What you will do >> Take the line containing "cranberries being rolled in sugar" and each line after it through the end of the data below, and return them exactly, minus any pictures.

Recorded data >>
☆ ☆ ☆ ☆ ☆

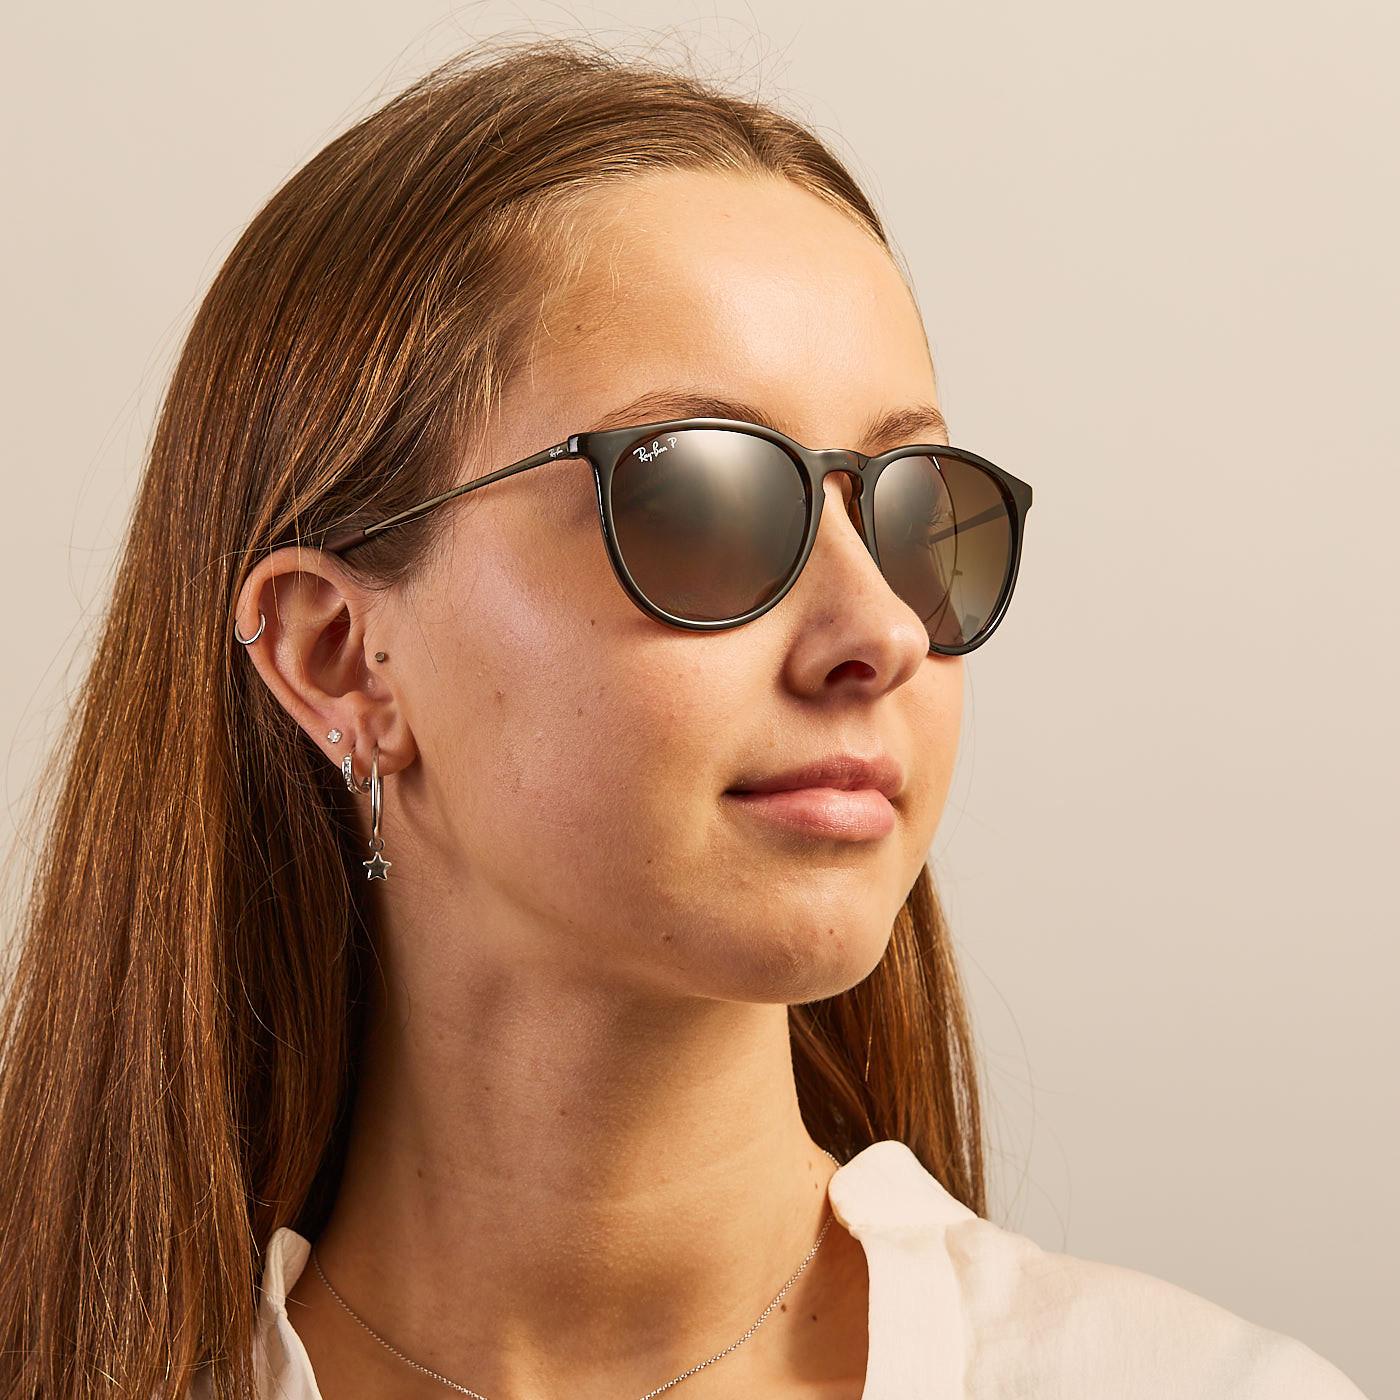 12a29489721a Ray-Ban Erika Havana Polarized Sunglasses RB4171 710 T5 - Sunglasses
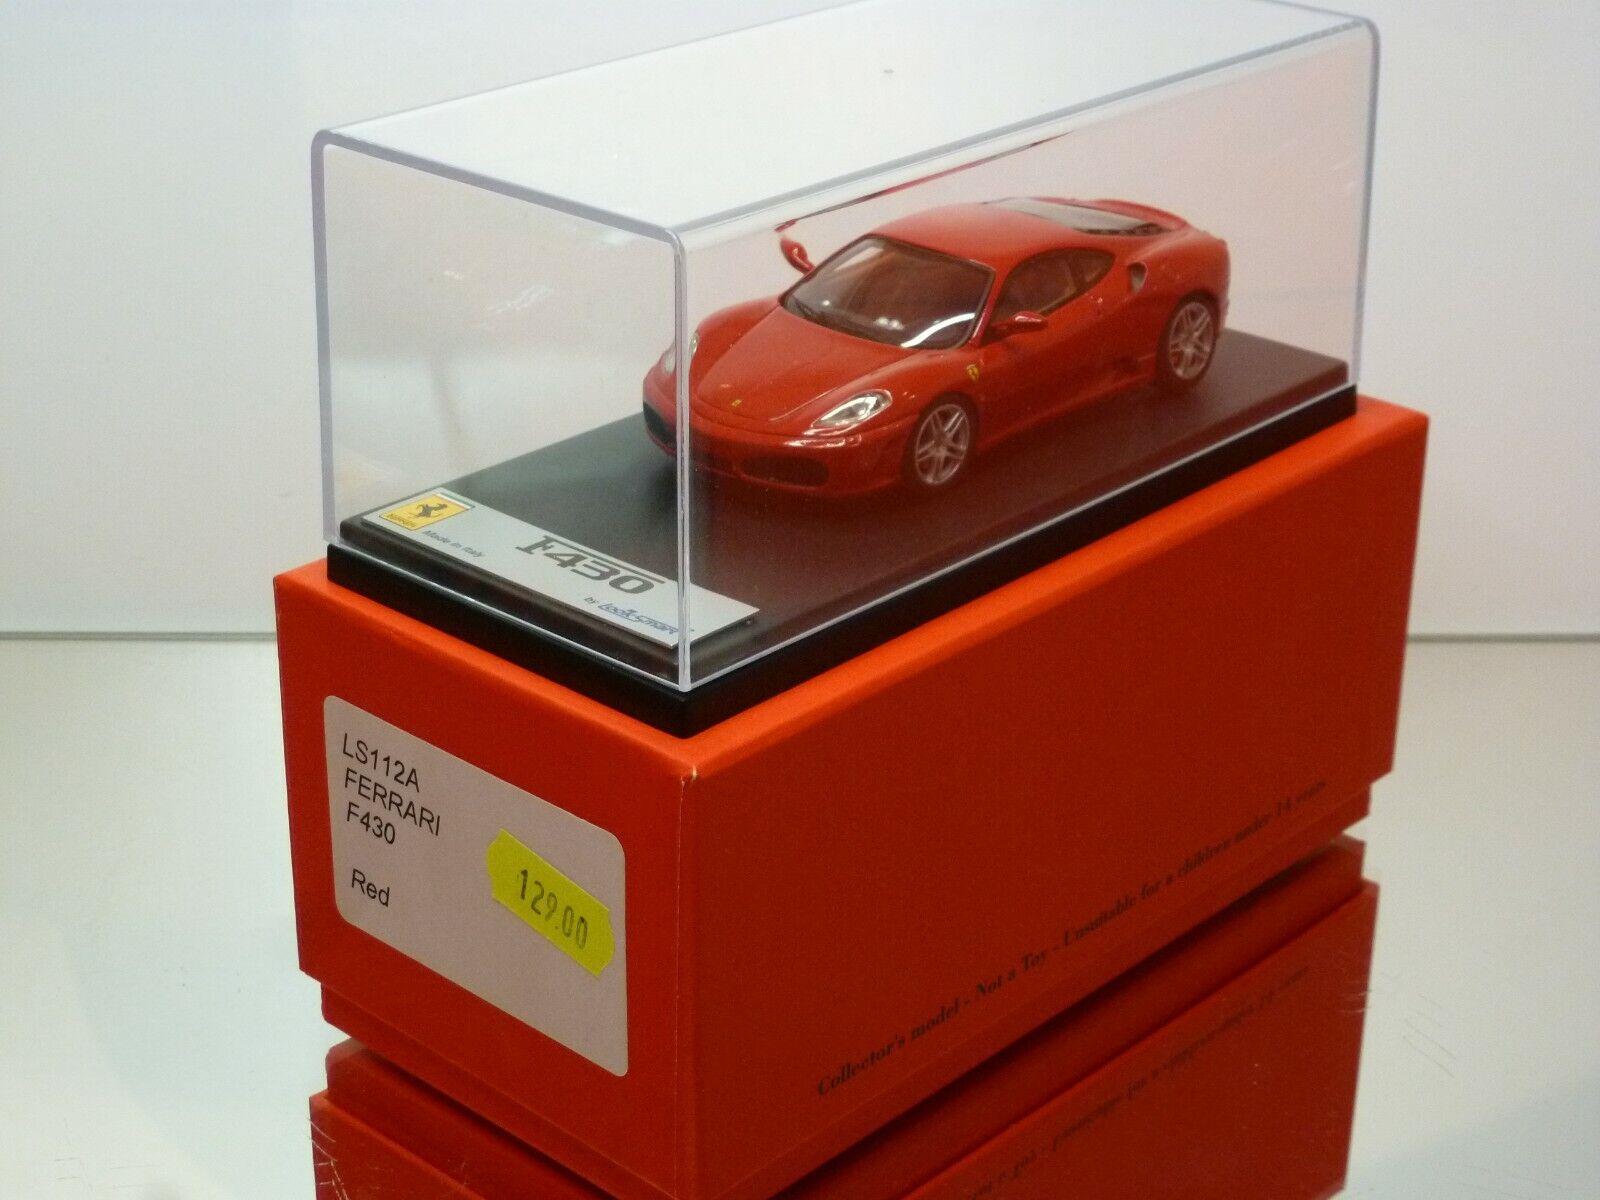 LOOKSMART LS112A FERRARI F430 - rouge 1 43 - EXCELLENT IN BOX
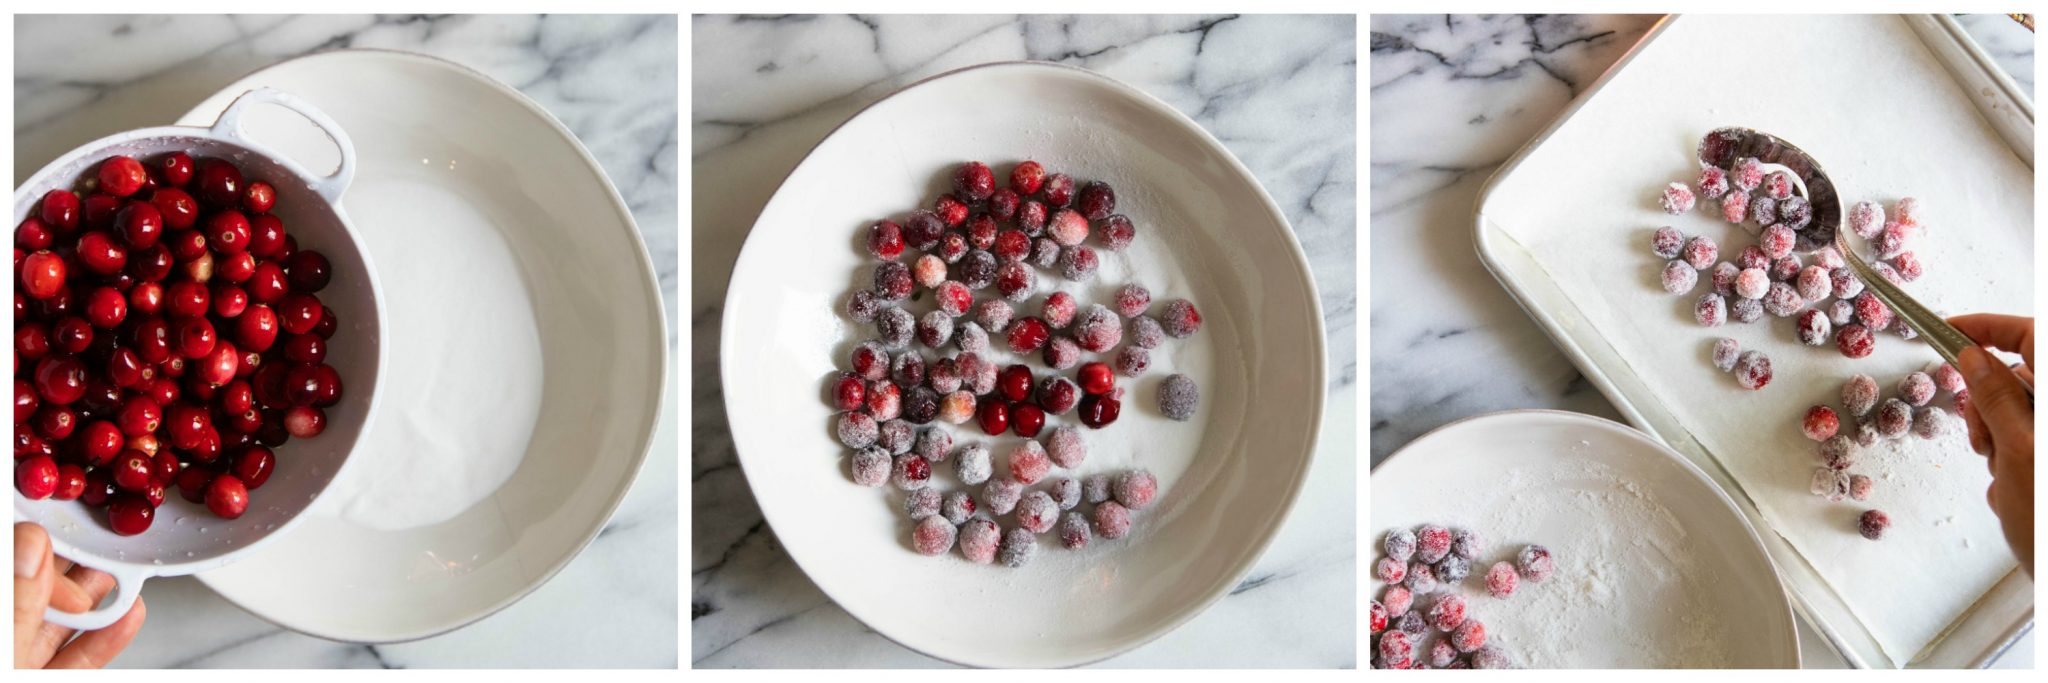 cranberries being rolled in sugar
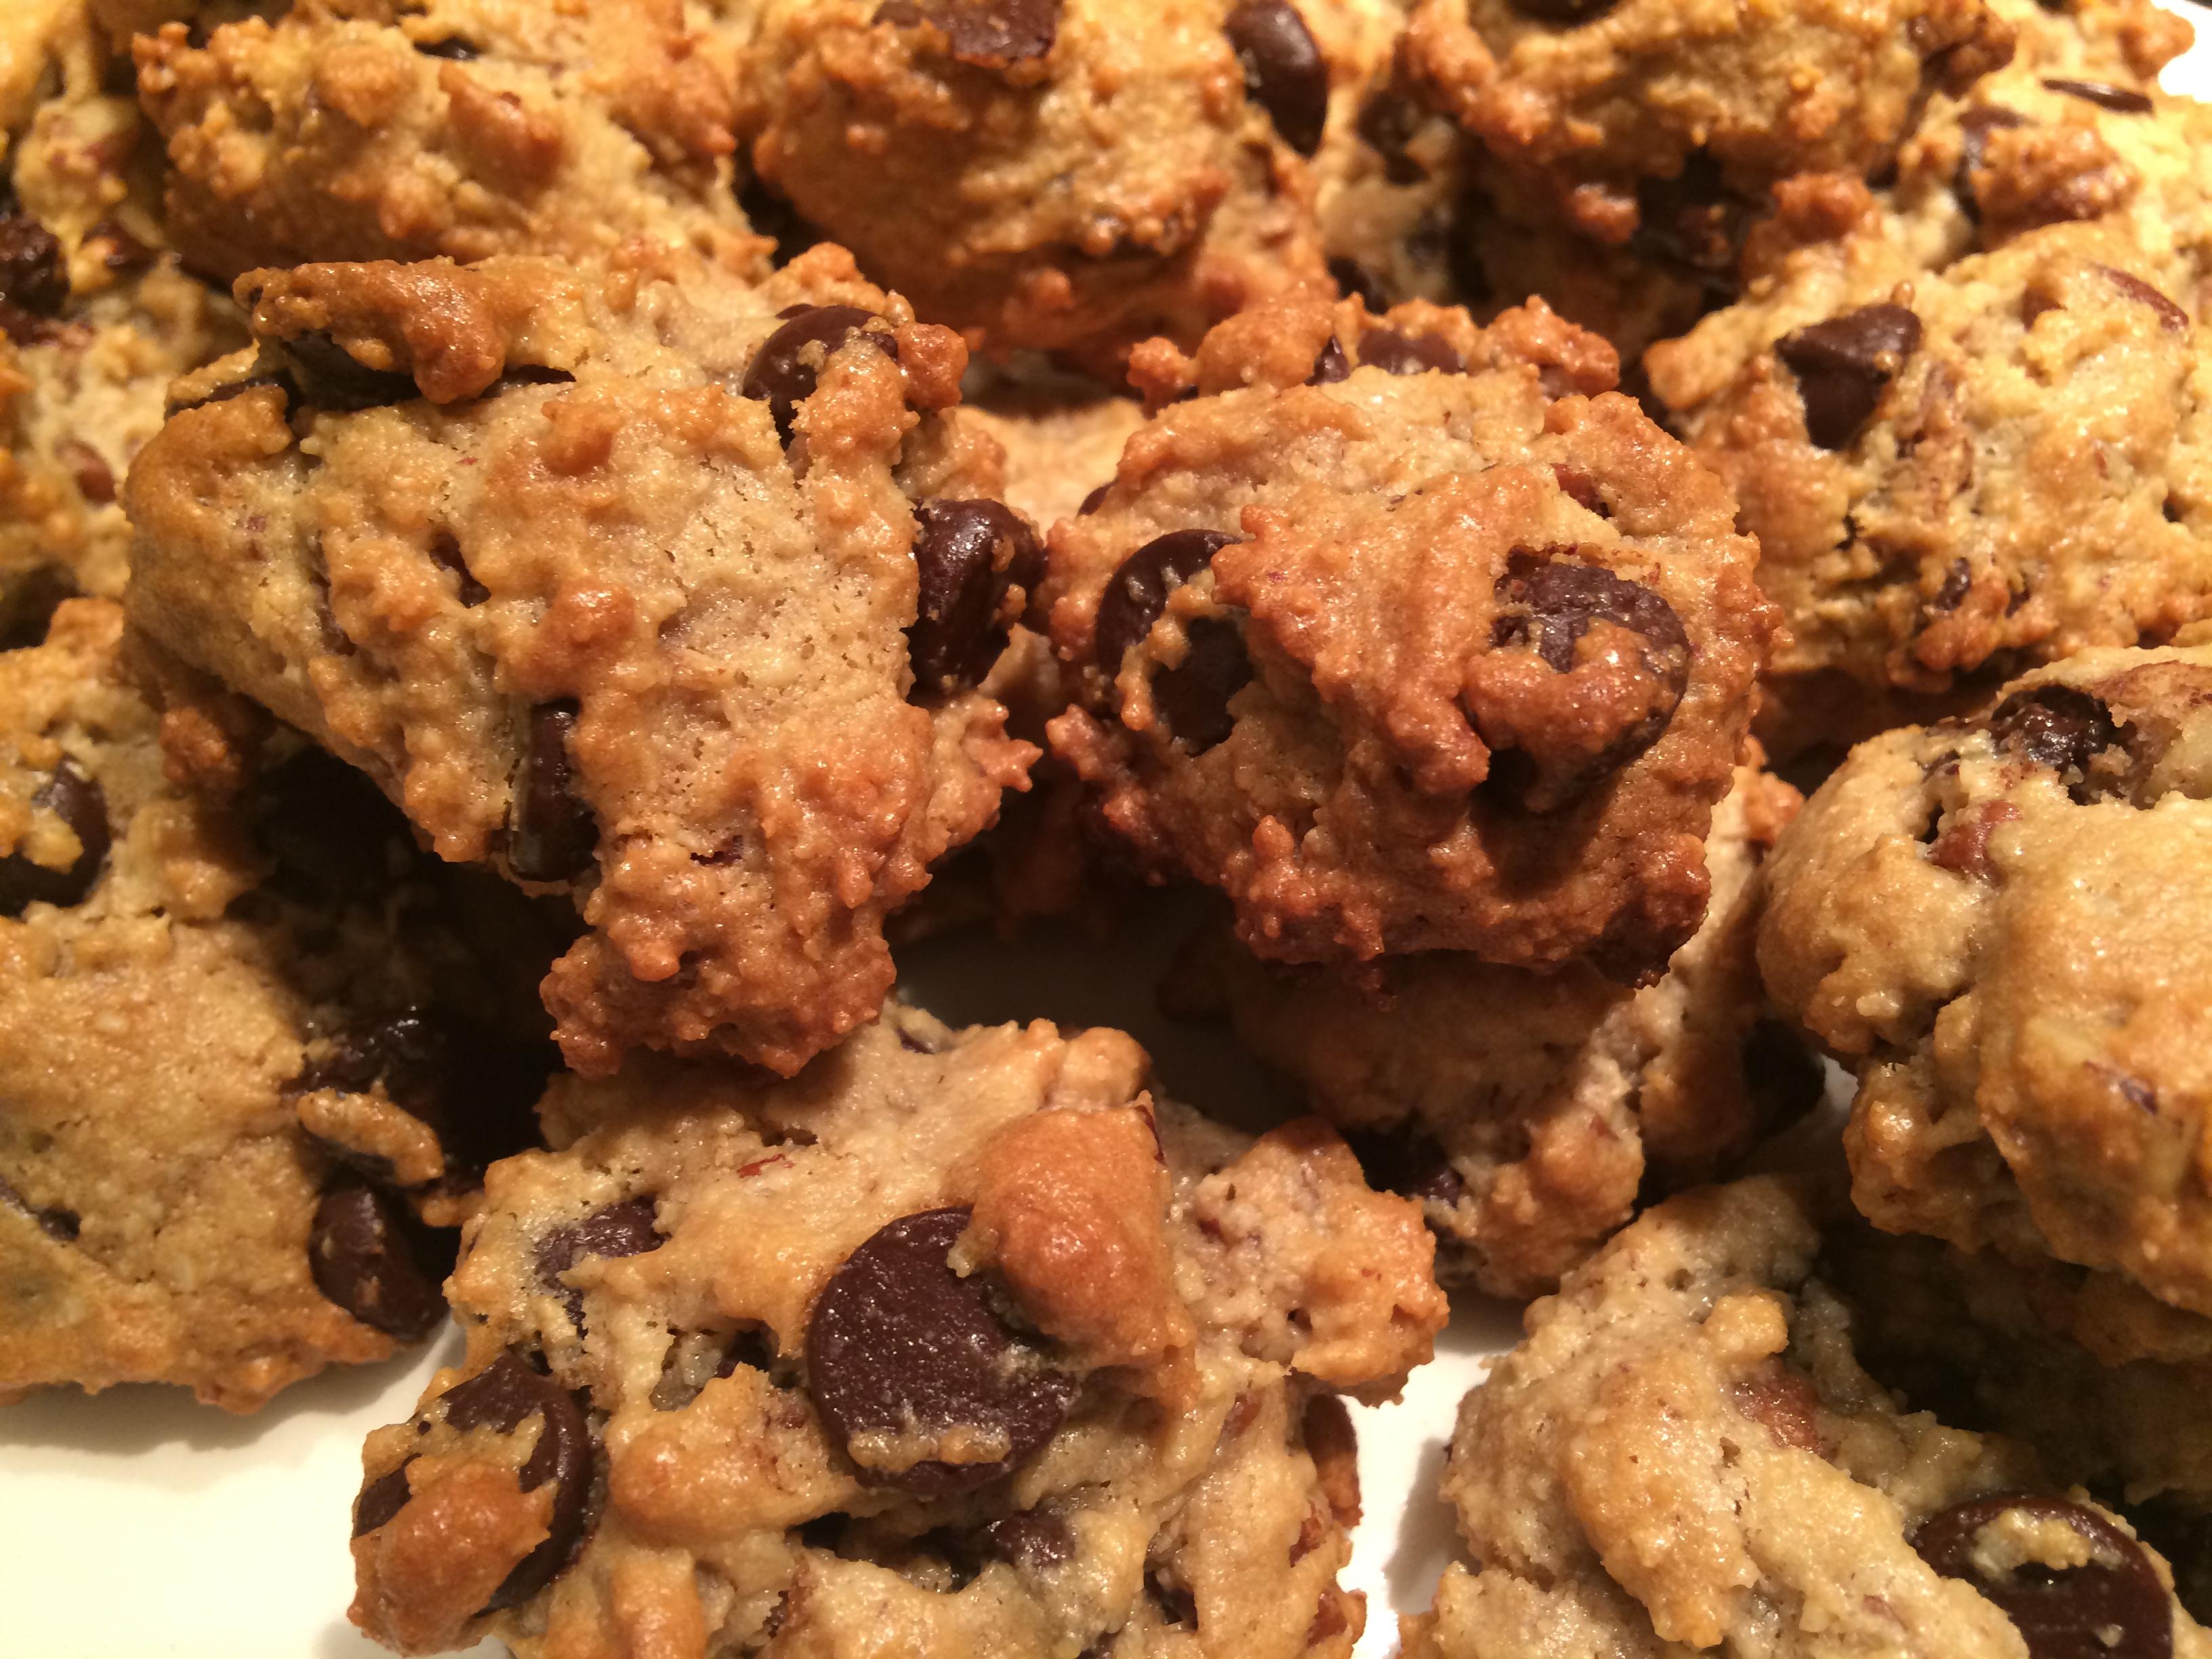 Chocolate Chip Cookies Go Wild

☆ ☆ ☆ ☆ ☆

Written response >>
 cranberries being rolled in sugar
 Chocolate Chip Cookies Go Wild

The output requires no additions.